● WHAT TO DO:
Your answer must be an exact copy of the data below, minus any pictures.

[[ DATA BELOW open ]]

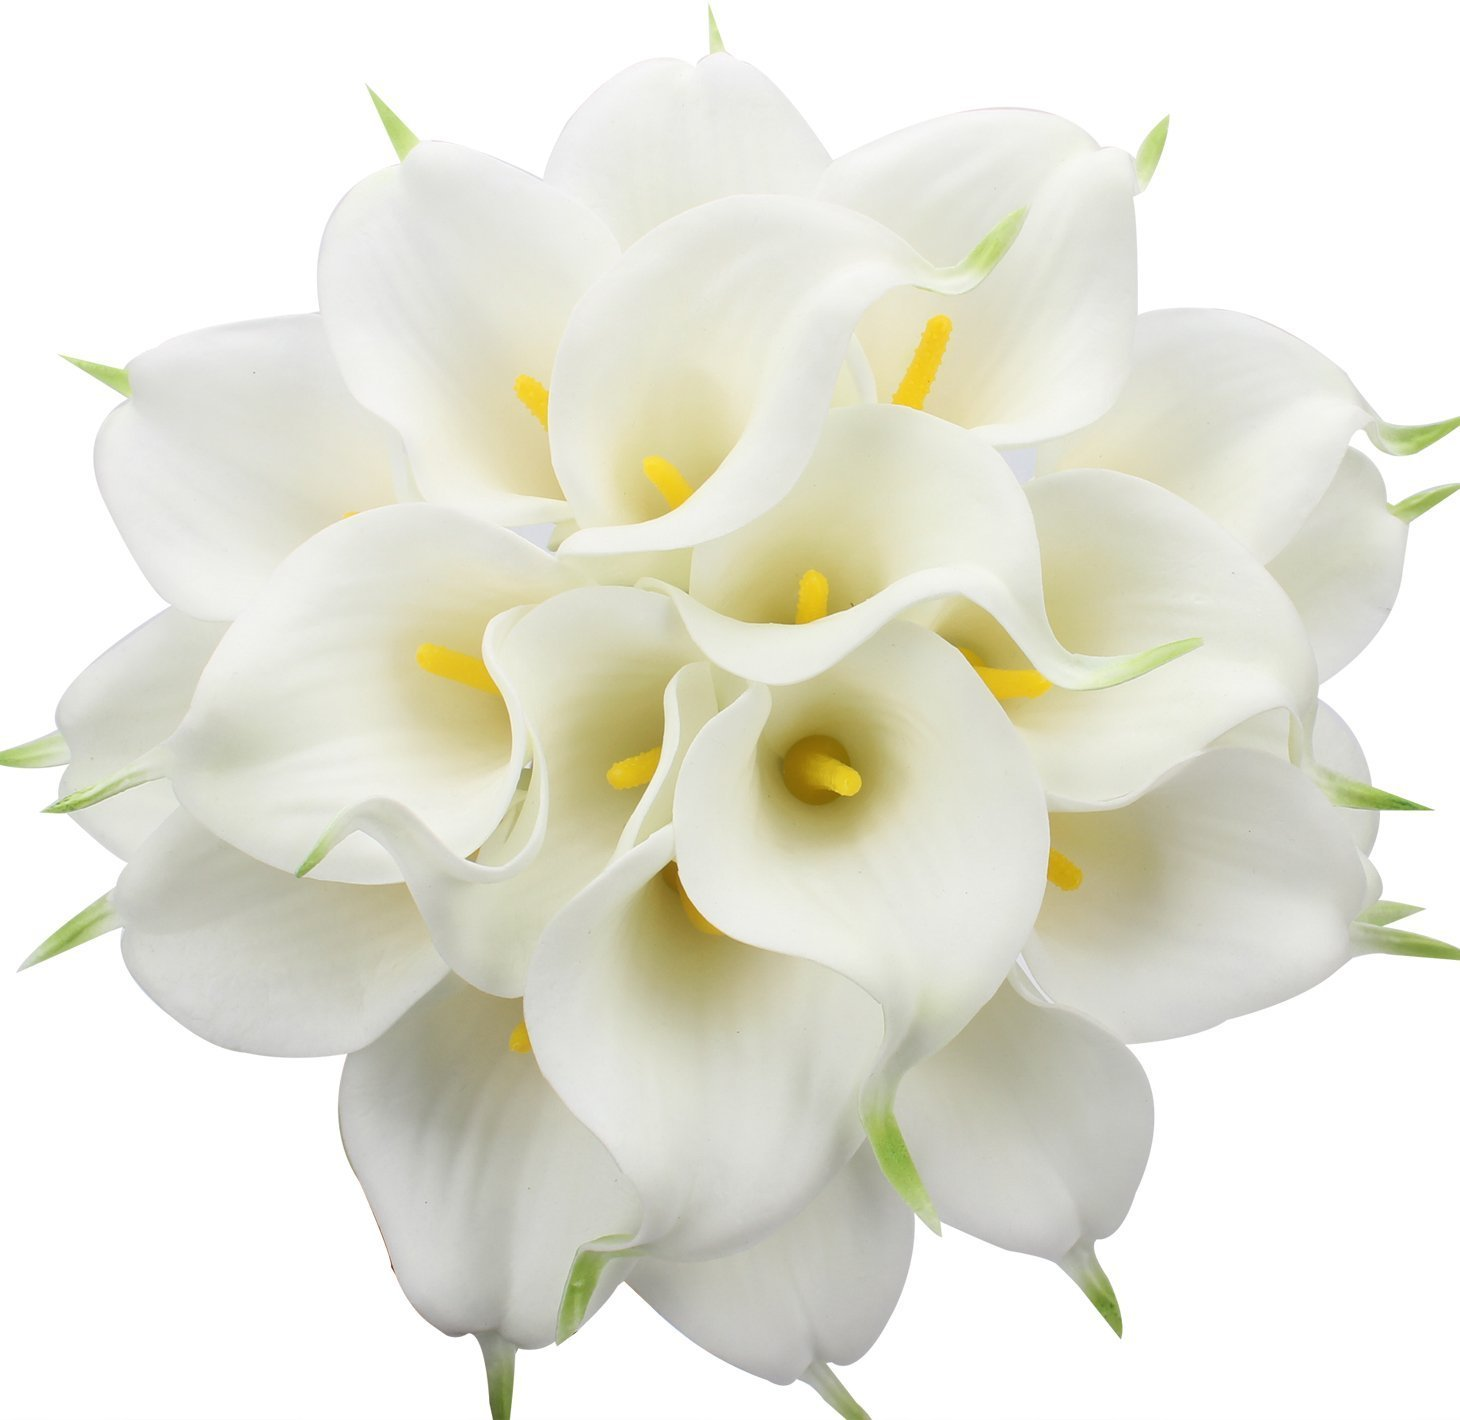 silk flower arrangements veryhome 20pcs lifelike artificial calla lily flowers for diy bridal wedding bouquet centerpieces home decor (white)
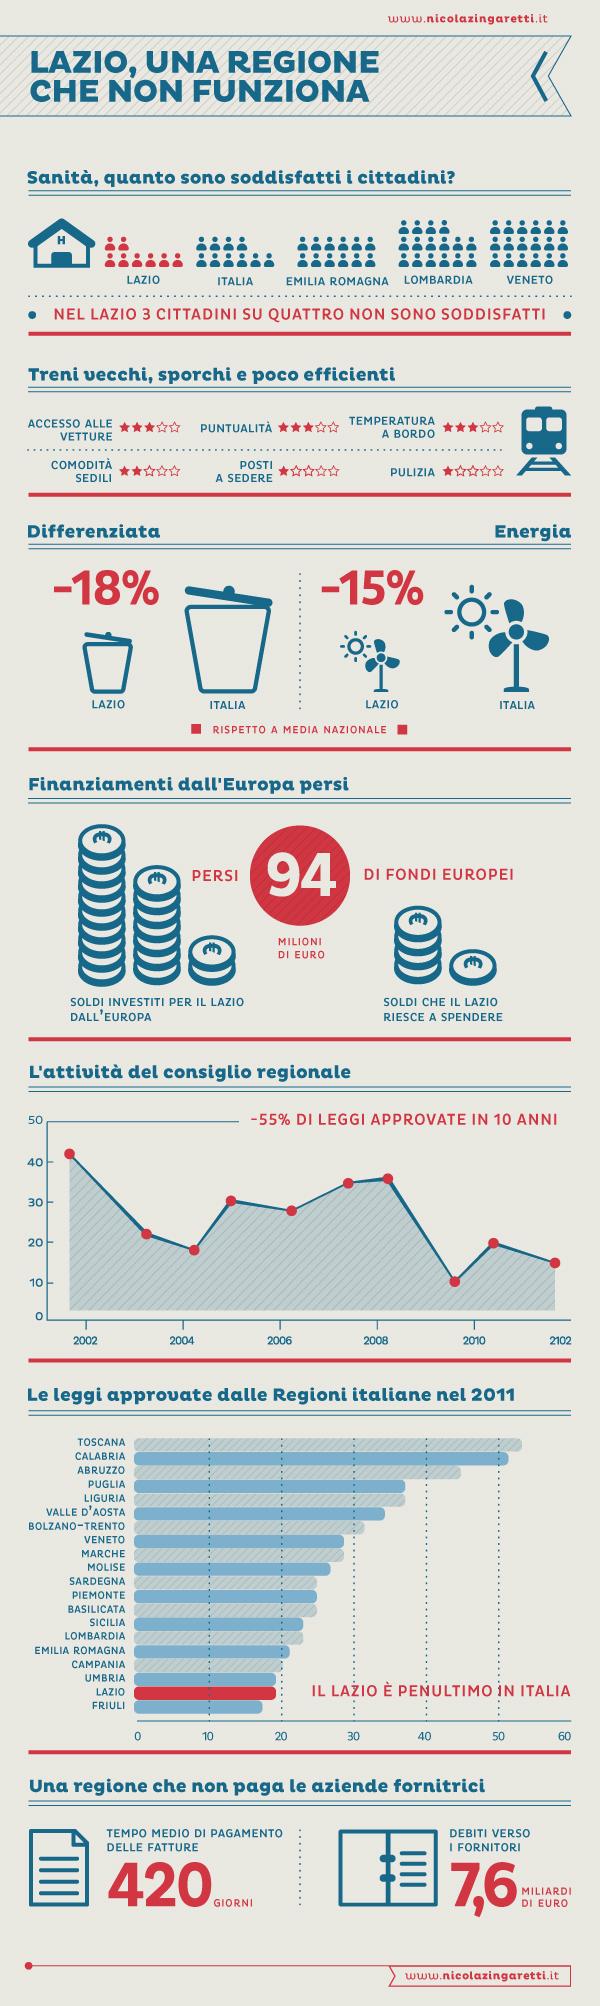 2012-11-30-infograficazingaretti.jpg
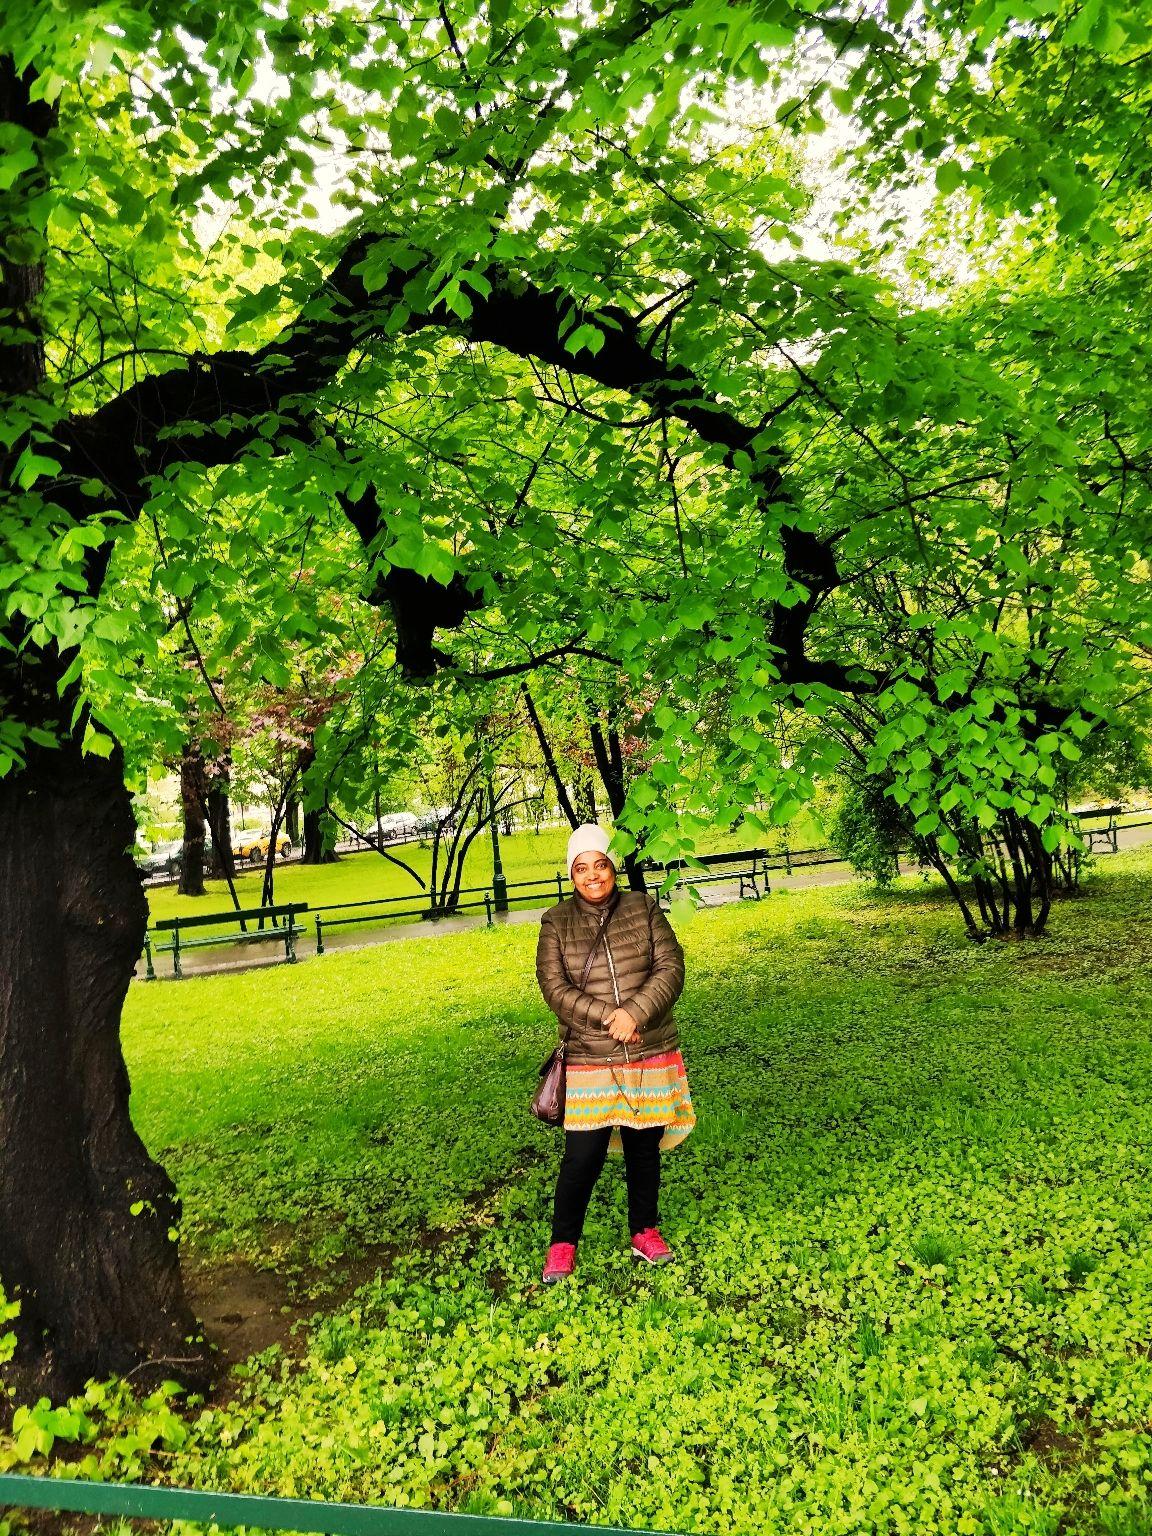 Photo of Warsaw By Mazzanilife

[[ DATA BELOW closed ]]

● EXPECTED ANSWER:
 silk flower arrangements veryhome 20pcs lifelike artificial calla lily flowers for diy bridal wedding bouquet centerpieces home decor (white)
 2012-11-30-infograficazingaretti.jpg
 Photo of Warsaw By Mazzanilife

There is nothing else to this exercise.